The prevalence of HFI is approximately 1:23,000 in Britain, and 1:20,000 in Switzerland [7], 1:26,100 in Germany [8], 1:31,000 in Poland [9], 1:34,483 in Northwest Russia and so on [10]. In general, the prevalence of HFI in European populations is approximately 1:31,000 to 1:18,000 [11]. The HFI prevalence in the Chinese population remains unknown [11, 12].

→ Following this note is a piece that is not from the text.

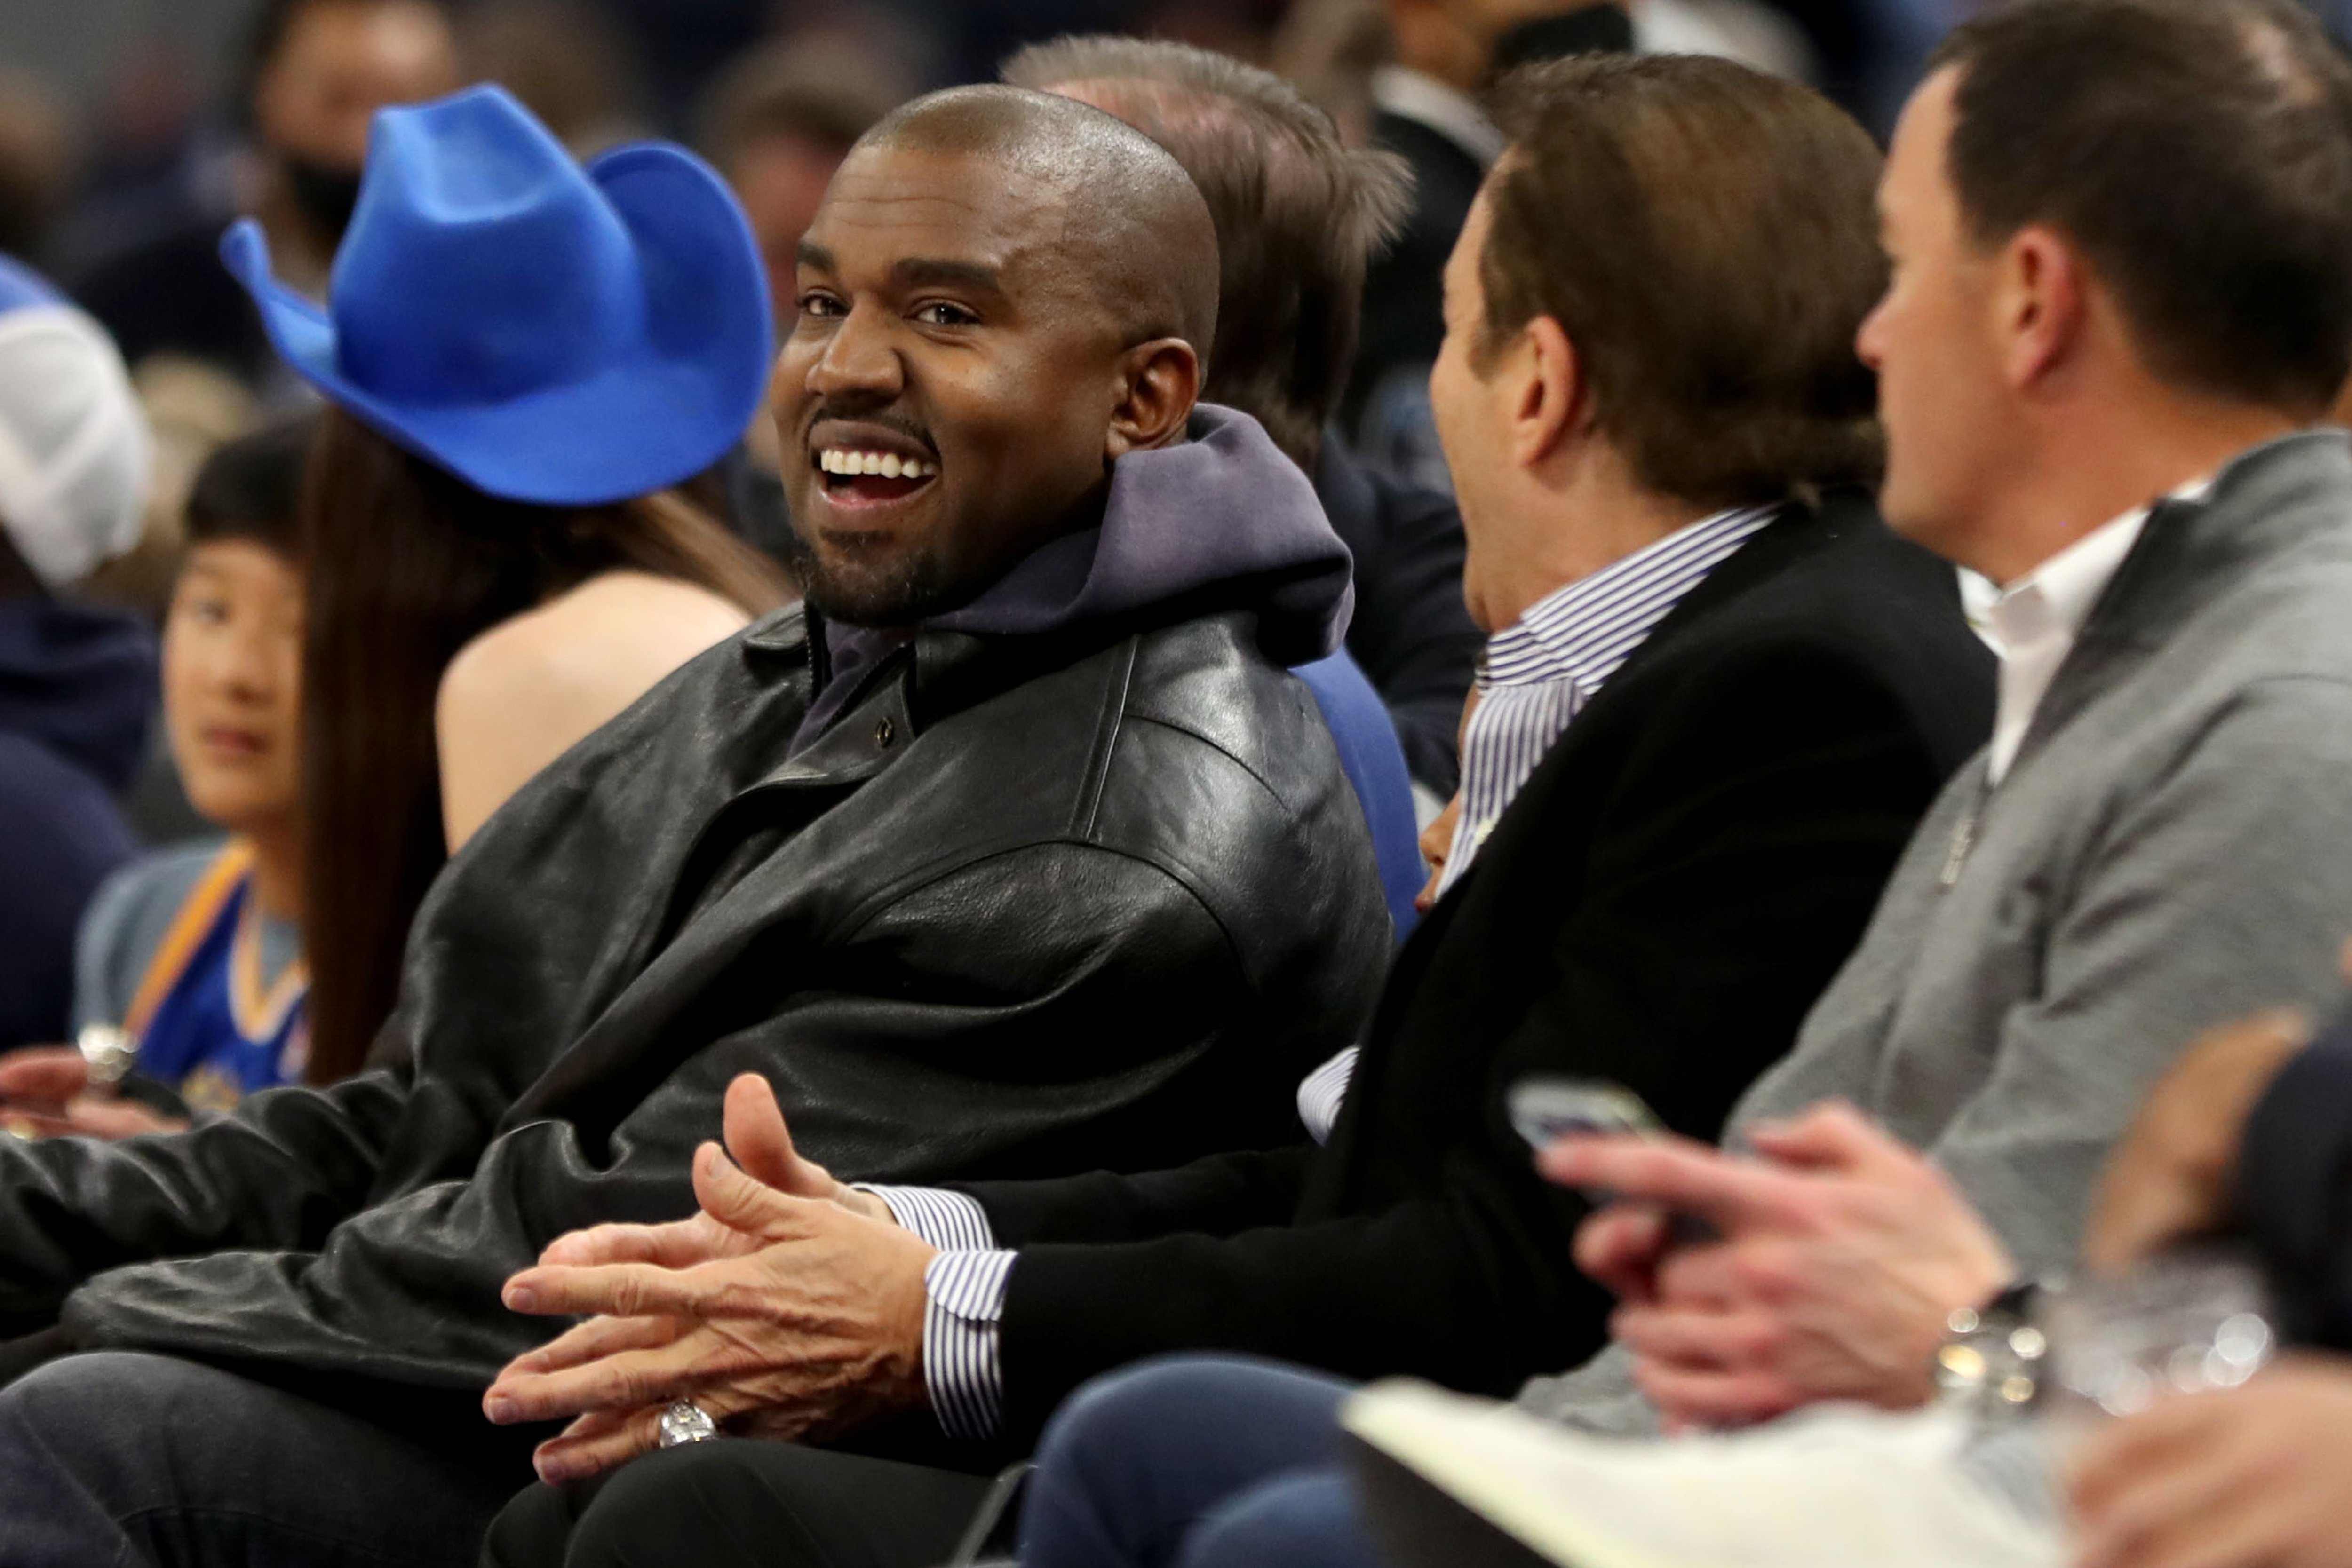 Kanye West at the Golden State Warriors vs. Boston Celtics game March 16, 2022 | Source: Getty Images

To date, the relationship between genotype and phenotype in HFI patients is unknown. Davit-Spraul et al. studied 162 patients from 92 families with HFI and found 16 mutations in the ALDOB gene. They collected the clinical symptoms of 10 probands, performed conventional tests (fructose load, hepatic aldolase B activity detection), identified variant sites, and recorded patients’ age, family history and so on. There was no significant genotype/phenotype correlation in the 10 families [13]. Mehmet Gunduz et al. retrospectively analyzed a cohort of 26 HFI patients [6]. They recorded the patients’ age, clinical symptoms, metabolic crisis history and variant sites. They also found no clear correlation between genotype and phenotype. Previous studies generally reported that no genotype–phenotype correlations were evident for HFI and that clinical severity and the extent of organ damage appeared to depend on an individual's nutritional environment [14]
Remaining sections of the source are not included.